Джим поднял глаза на стены, оклеенные обоями, и погрузился в раздумья, помешивая ложечкой кофе. В этой истории было нечто пугающее, он не знал точно, что именно. Ясно было одно: в череде событий отсутствуют важные звенья. Алан сидел сгорбившись, уперев локти в колени, и неподвижно рассматривал ковер на полу. Несколько раз он машинально кивнул, проведя ладонью по затылку, затем выпрямился и посмотрел на Рудольфа. Джим знал, что сейчас его прежде всего беспокоило, как отреагирует на эти события Мэри Энн, учитывая, какую роль сыграл в них ее покойный супруг. Тишину нарушил Ларк:
– Мальчишки этих бригадиров погибли в аварии, а внучка Оуэнса повесилась на балке, как Беатрис…
– И это еще не все, – перебил его Джим. Все посмотрели на него, включая Алана. – В первый момент история казалась мне бессмысленной и по-своему даже смешной. Я был уверен, что это выдумки и бредни. Но помните, когда нашли Лоран, кто-то написал на зеркале губной помадой, которую она держала в руке, слово «привет».
Алан вскинул голову.
– Верно, – отозвался он. – Марионетка, или как там зовут эту штуковину, преследовавшую Томми, нацарапала у него на спине то же самое. А вспомните сынишку пастора, одержимого злым духом…
Несколько секунд Рудольф размышлял, поглаживая свою острую бородку, так что костяшки на его худых пальцах стали еще заметнее.

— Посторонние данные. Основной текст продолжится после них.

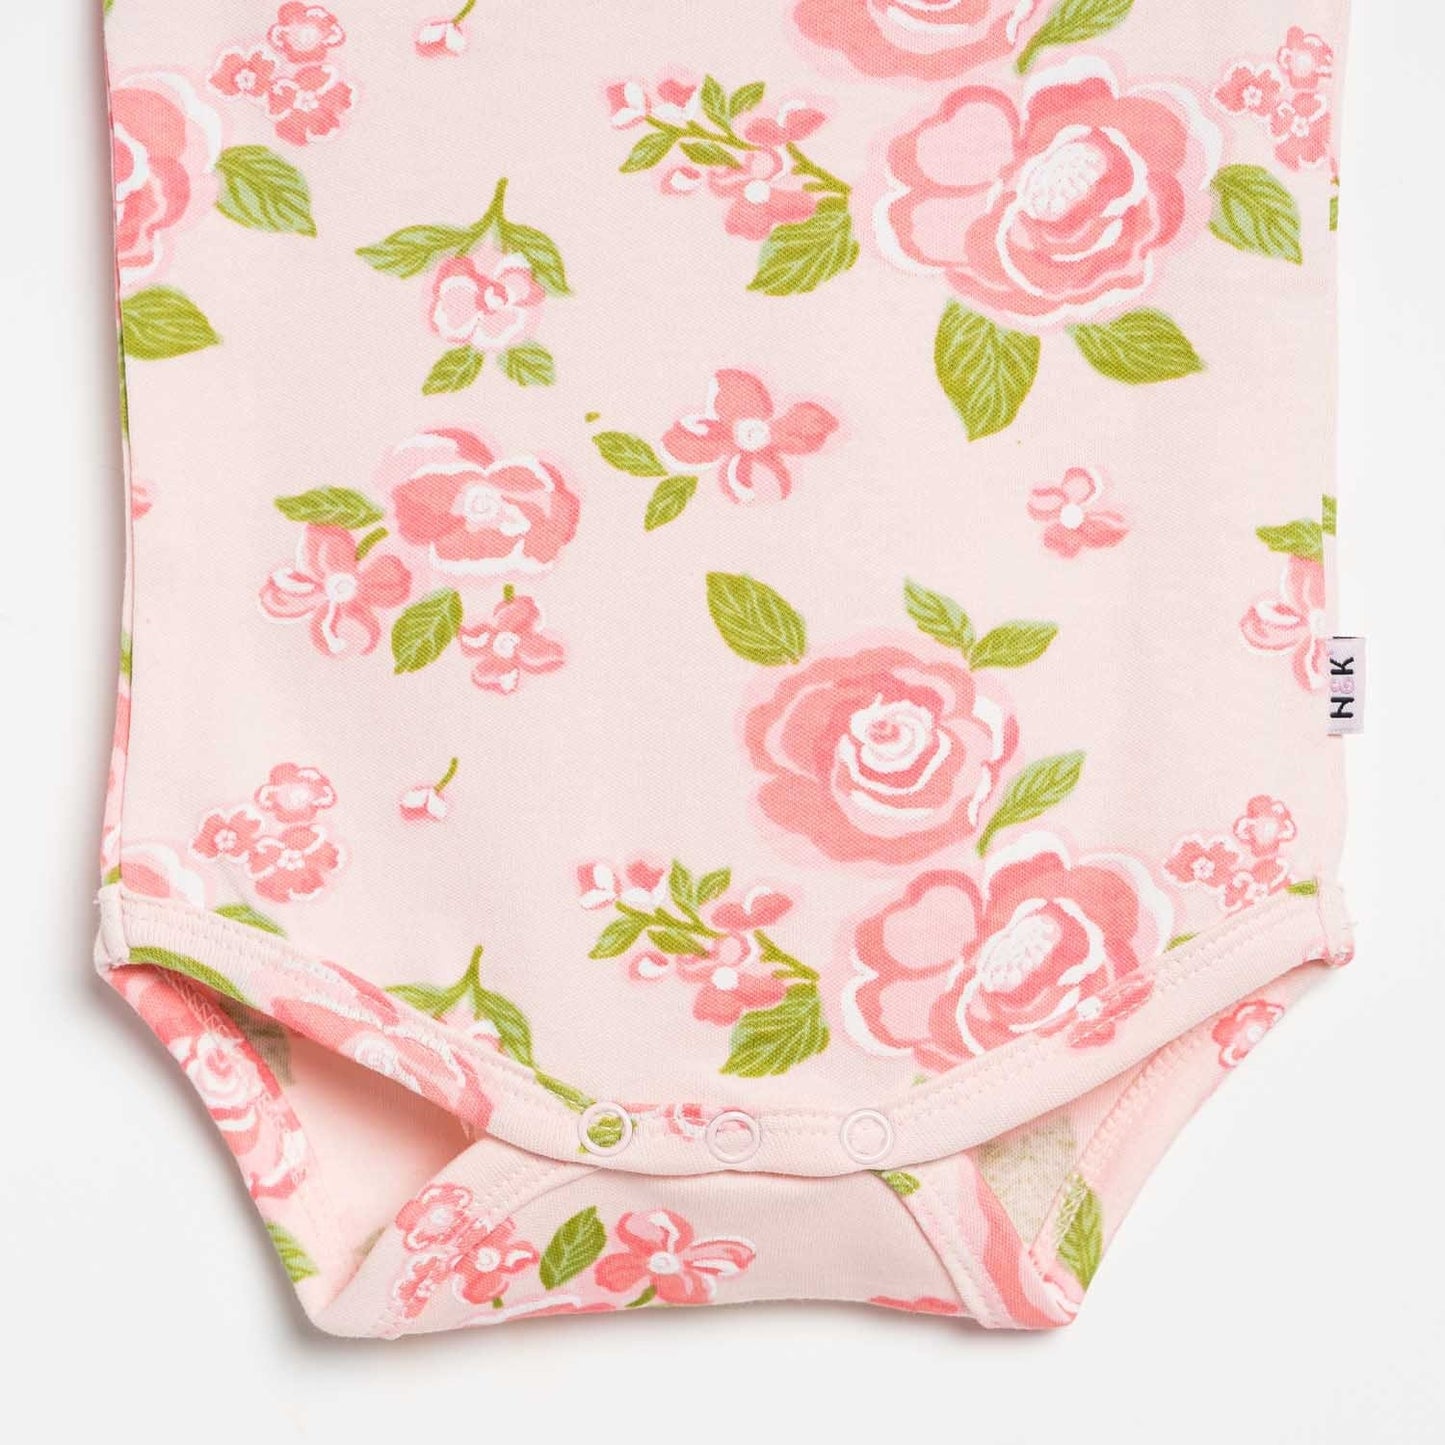 Baby Girl Pink Blush Short Sleeve Onesies Pack of 2 Collection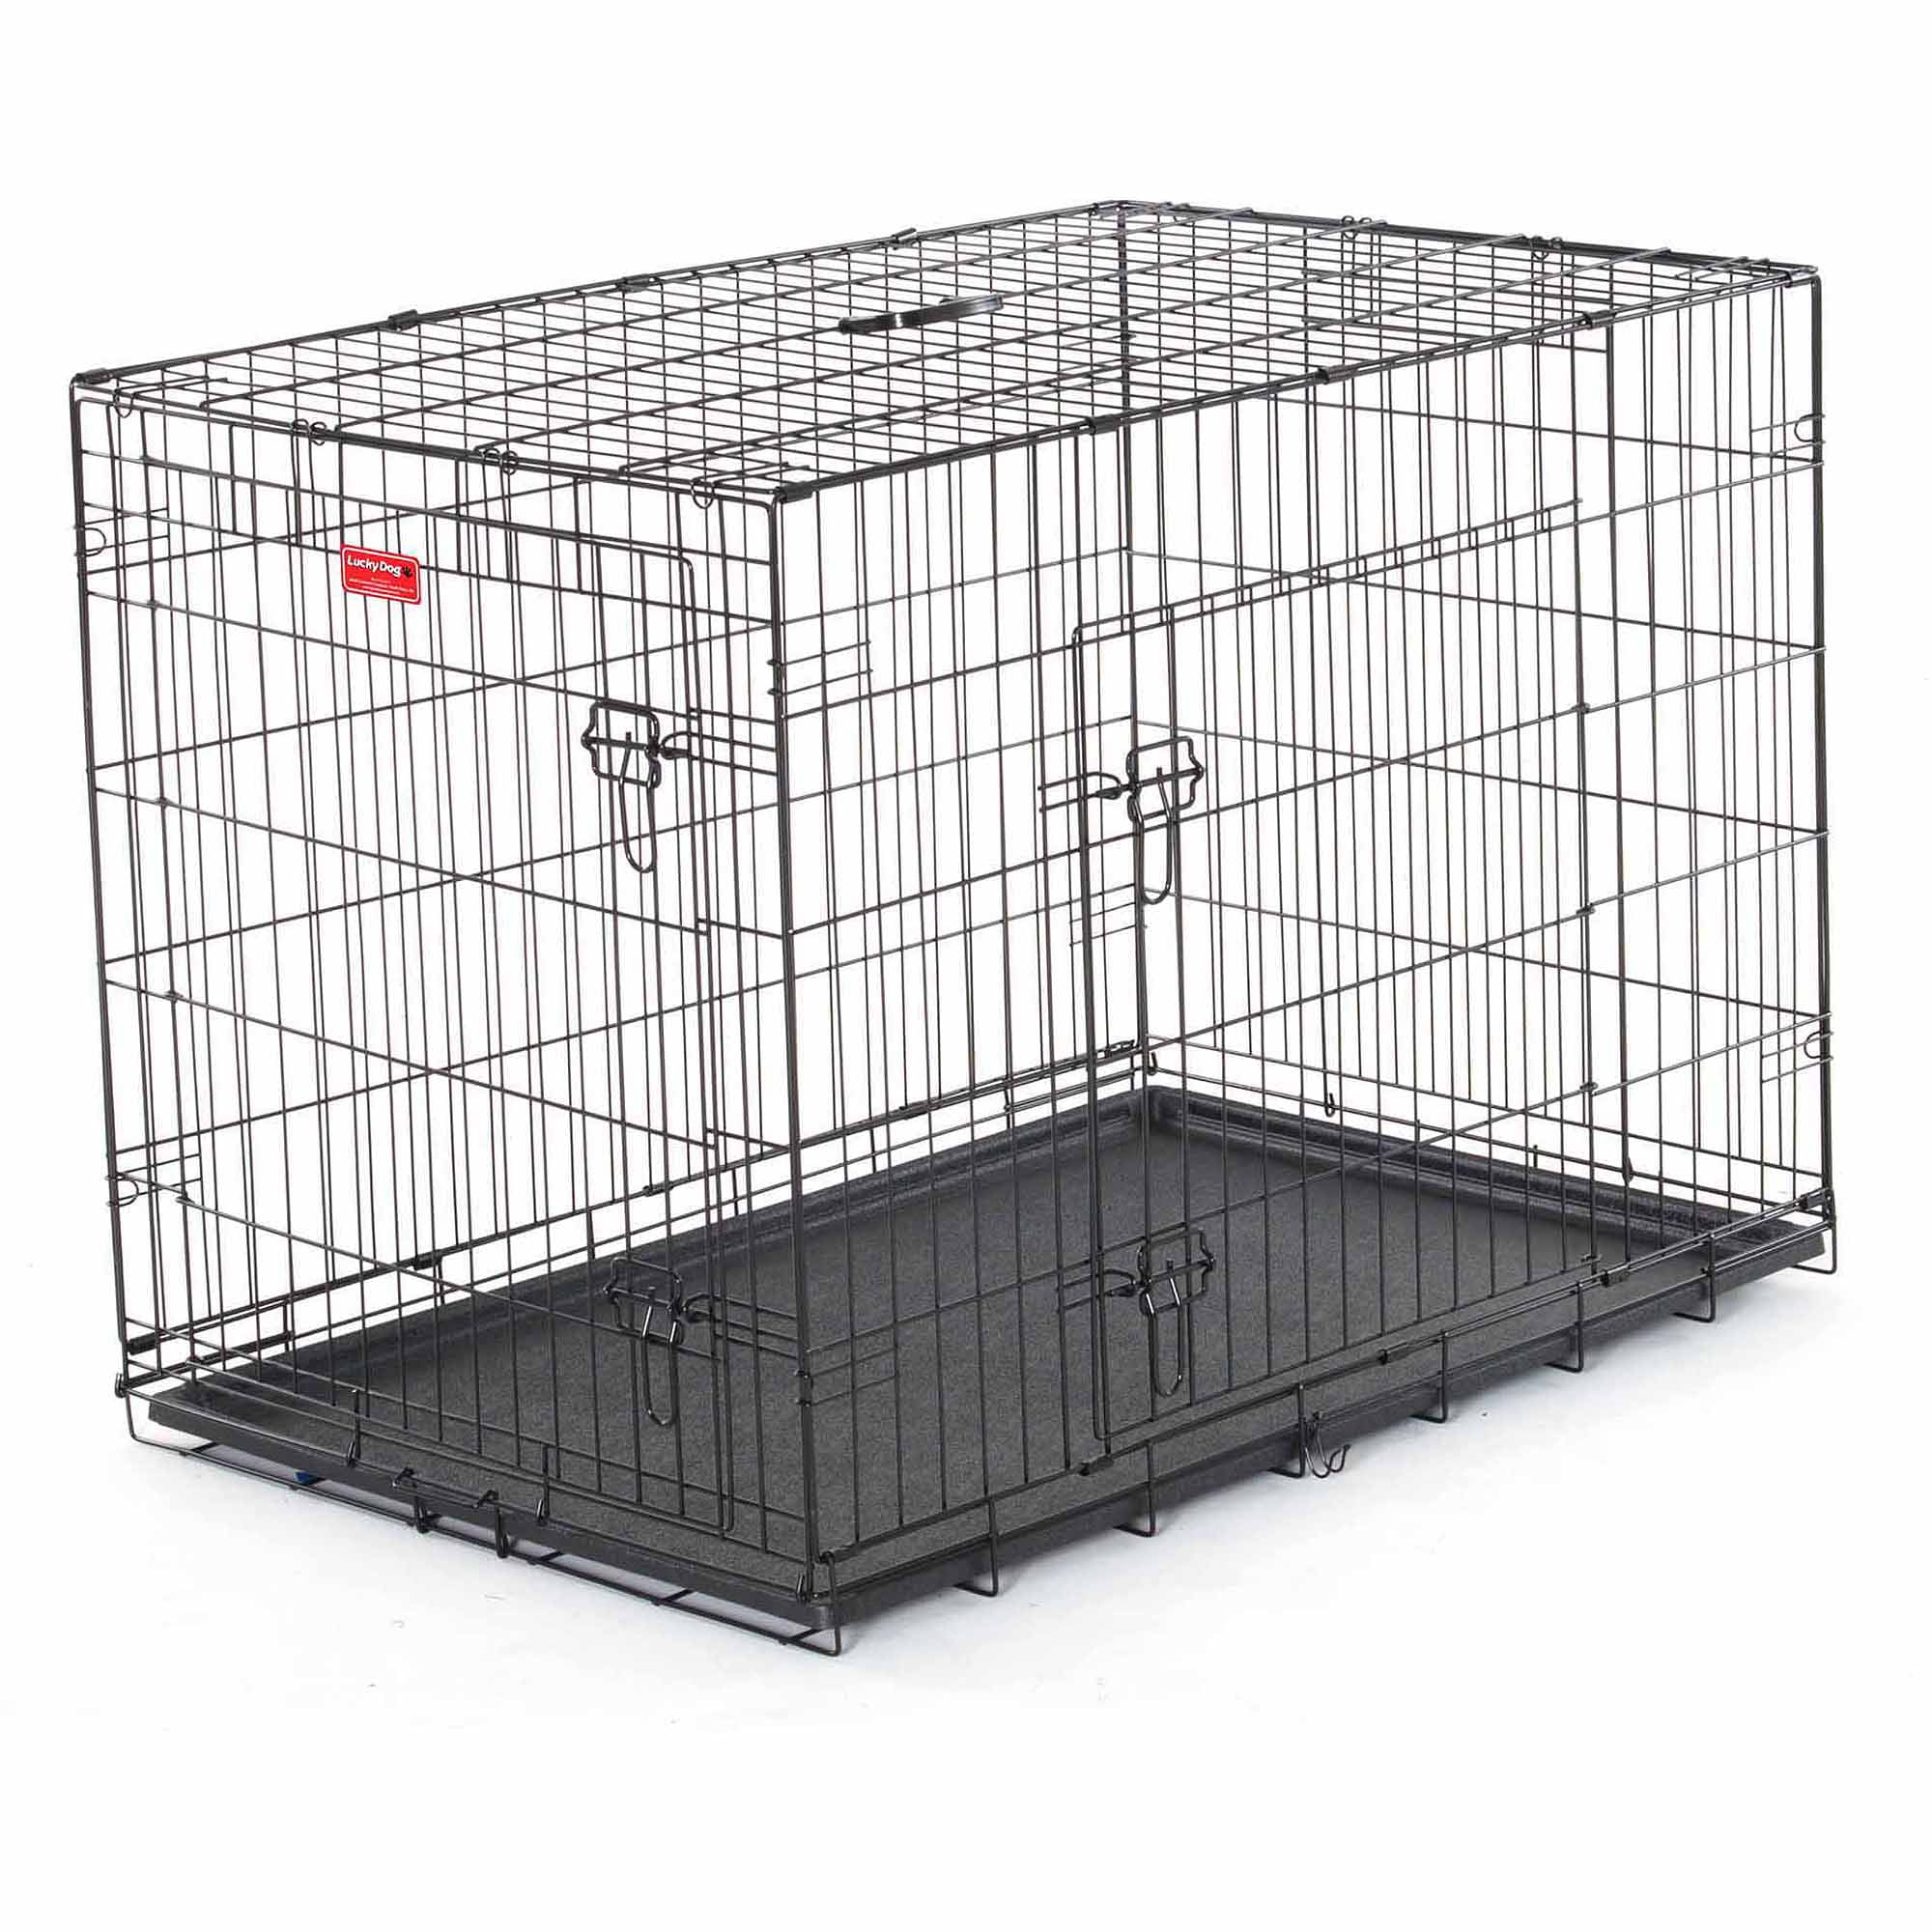 Dog Training Crate For Dogs Foldable Wire Security Cage Large 42"L x 28"W x 31"H

– Люсьен Мори убил двоих ближайших помощников за то, что они сделали с его женой, – сказал он наконец. – Остальные умерли своей смертью. Прочие влачили жалкое существование и состарились в нищете. Возможно, он желал того же для их потомков, последних оставшихся в живых отпрысков этих семейств. Вы не задумывались об этом? Взять, к примеру, эту марионетку и все прочее, о чем Ларк рассказывал по телефону: честно говоря, звучит довольно жутко, прямо фильм ужасов. Если вы хотите кого-нибудь свести с ума, лучшего способа не найти. Лично я бы действовал именно так, а я как раз верю в такие вещи. Моя бабушка-мексиканка внушила мне почтительное отношение к мертвым. На этом основано почитание предков: если ты не уважаешь мертвых, с тобой может случиться все что угодно.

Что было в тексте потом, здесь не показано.